Given N boxes. How can i find the tallest tower made with them in the given order ? (Given order means that the first box must be at the base of the tower and so on). All boxes must be used to make a valid tower.
It is possible to rotate the box on any axis in a way that any of its 6 faces gets parallel to the ground, however the perimeter of such face must be completely restrained inside the perimeter of the superior face of the box below it. In the case of the first box it is possible to choose any face, because the ground is big enough.
To solve this problem i've tried the following:
- Firstly the code generates the rotations for each rectangle (just a permutation of the dimensions)
- secondly constructing a dynamic programming solution for each box and each possible rotation
- finally search for the highest tower made (in the dp table)
But my algorithm is taking wrong answer in unknown test cases.

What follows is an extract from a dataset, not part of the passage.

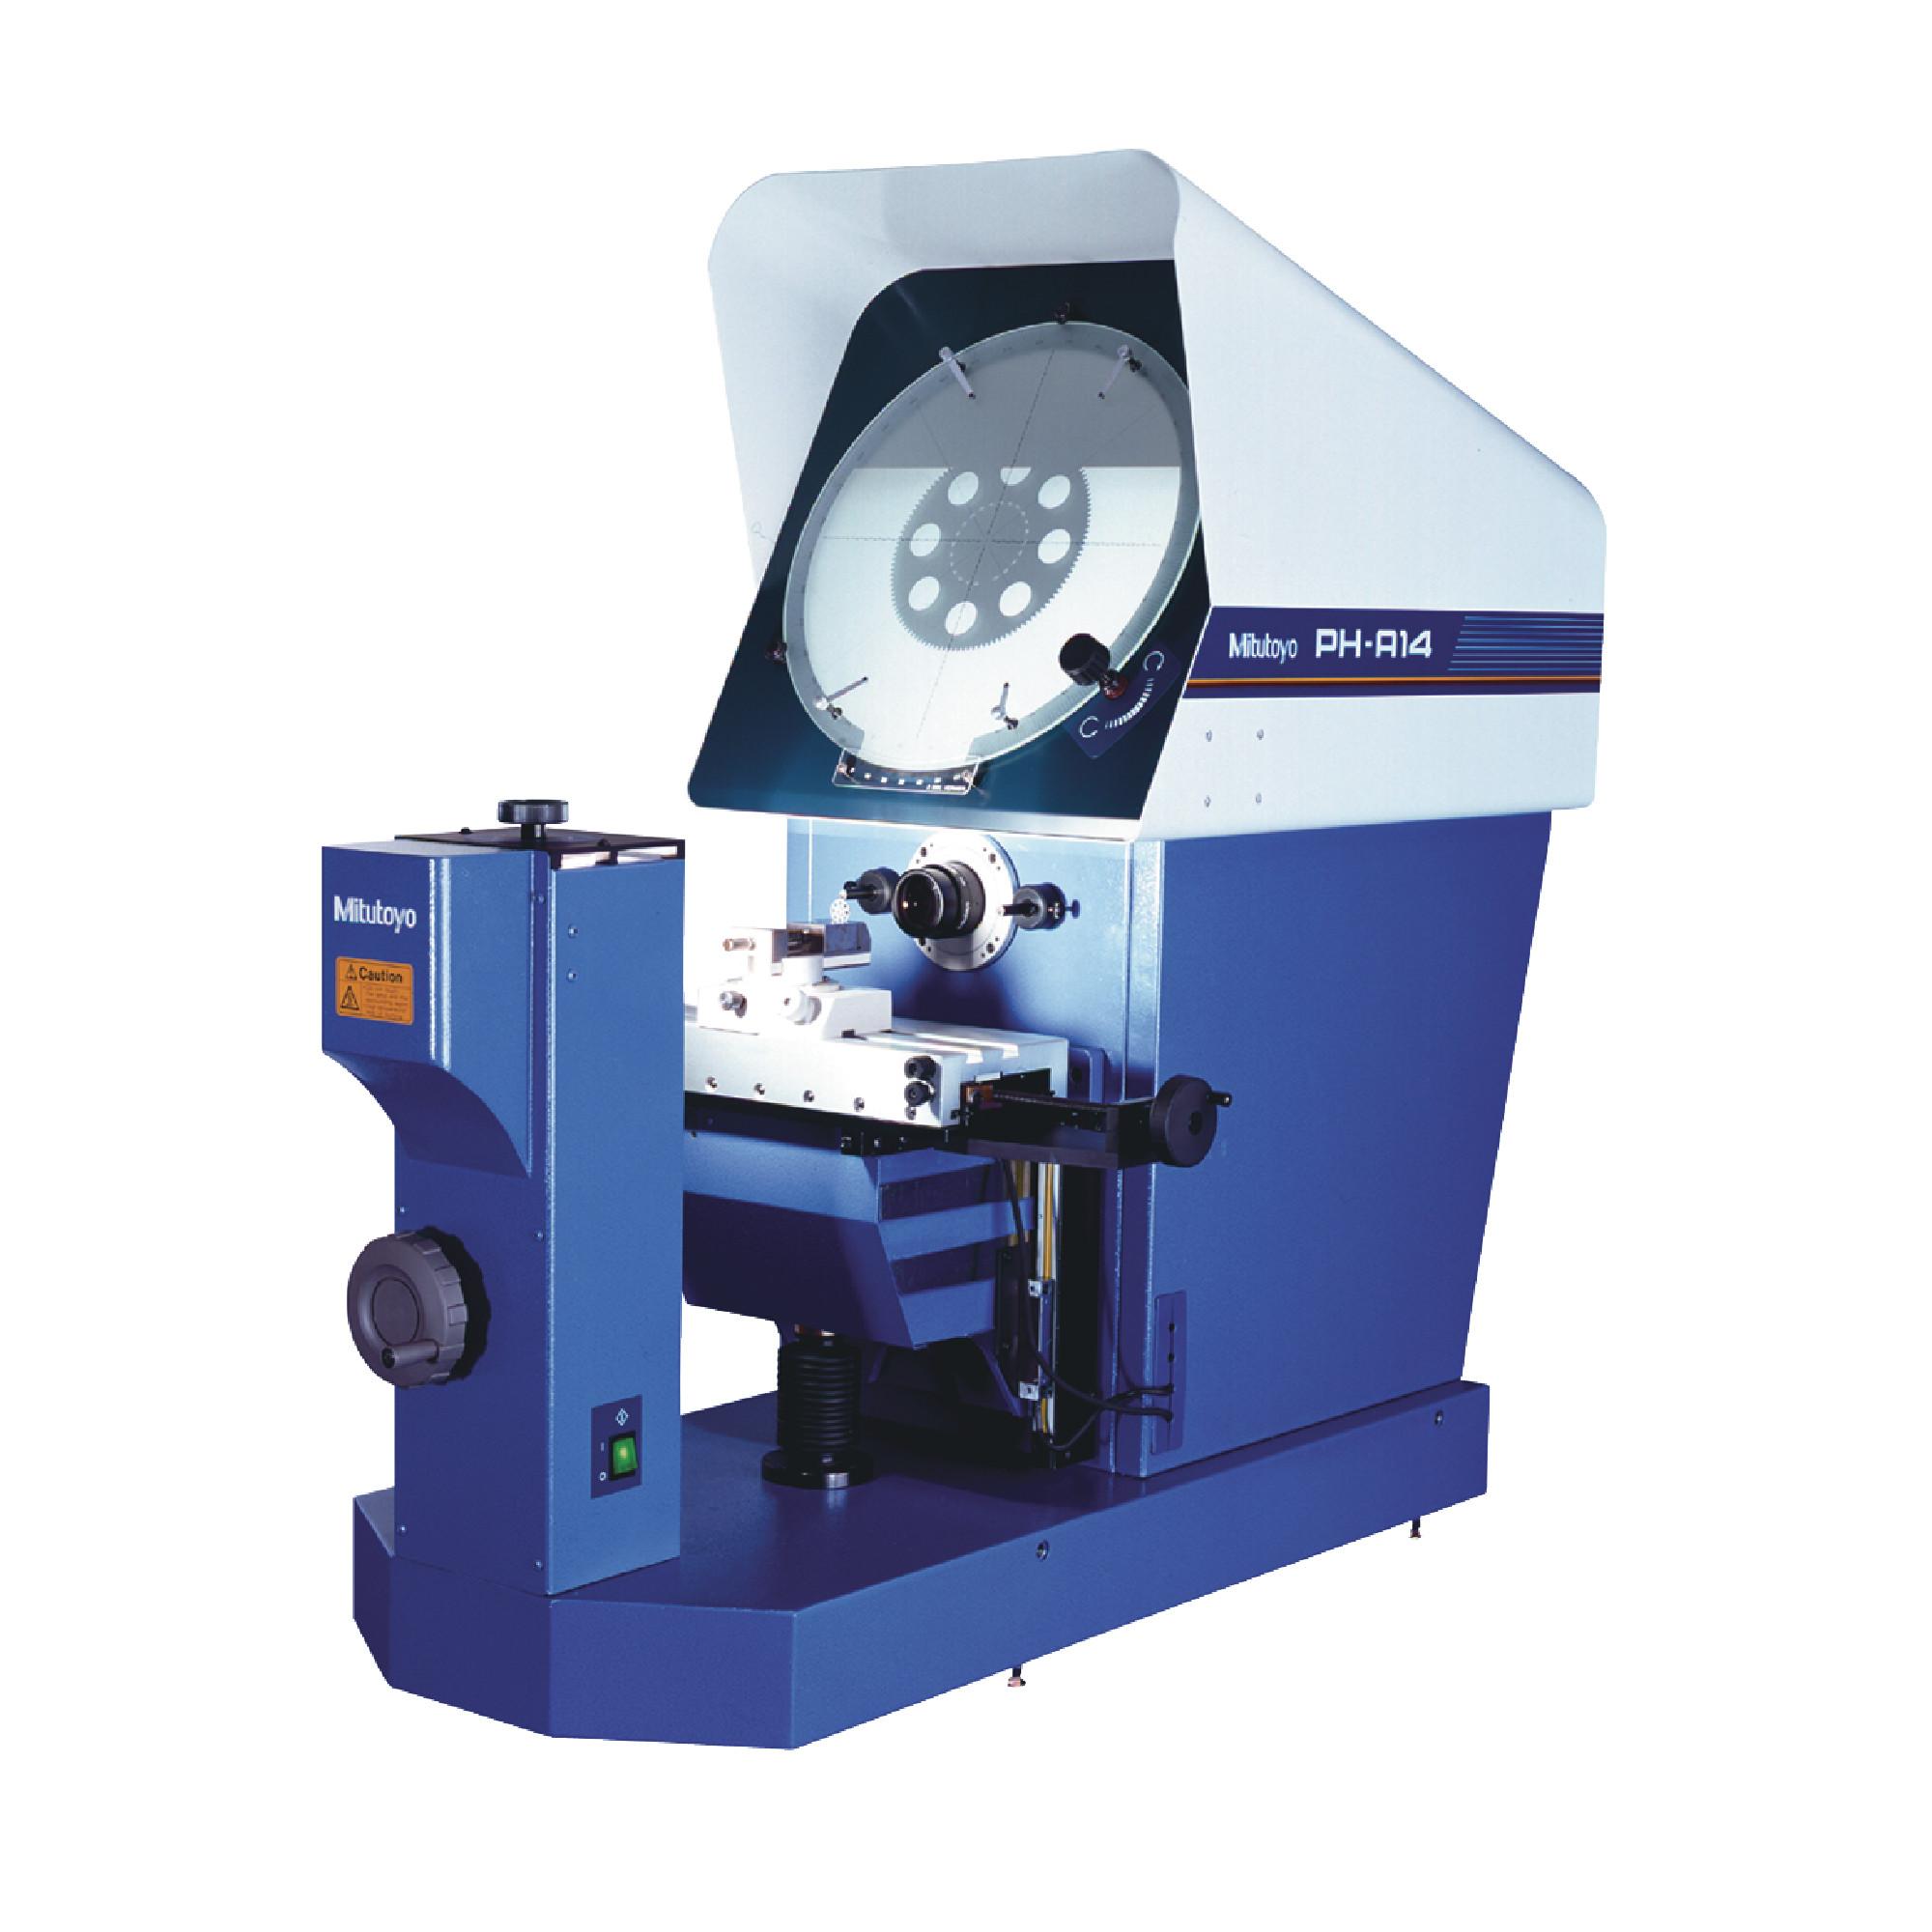 PH-A14 Optical Comparator

What is wrong with it ? Dynamic programming is the best approach to solve this problem ?
Here is my code:
#include <cstdio>
#include <vector>
#include <algorithm>
#include <cstdlib>
#include <cstring>
struct rectangle{
int coords[3];
rectangle(){ coords[0] = coords[1] = coords[2] = 0; }
rectangle(int a, int b, int c){coords[0] = a; coords[1] = b; coords[2] = c; }
};
bool canStack(rectangle ¤t_rectangle, rectangle &last_rectangle){
for (int i = 0; i < 2; ++i)
if(current_rectangle.coords[i] > last_rectangle.coords[i])
return false;
return true;
}
//six is the number of rotations for each rectangle
int dp(std::vector< std::vector<rectangle> > &v){
int memoization[6][v.size()];
memset(memoization, -1, sizeof(memoization));
//all rotations of the first rectangle can be used
for (int i = 0; i < 6; ++i) {
memoization[i][0] = v[0][i].coords[2];
}
//for each rectangle
for (int i = 1; i < v.size(); ++i) {
//for each possible permutation of the current rectangle
for (int j = 0; j < 6; ++j) {
//for each permutation of the previous rectangle
for (int k = 0; k < 6; ++k) {
rectangle &prev = v[i - 1][k];
rectangle &curr = v[i][j];
//is possible to put the current rectangle with the previous rectangle ?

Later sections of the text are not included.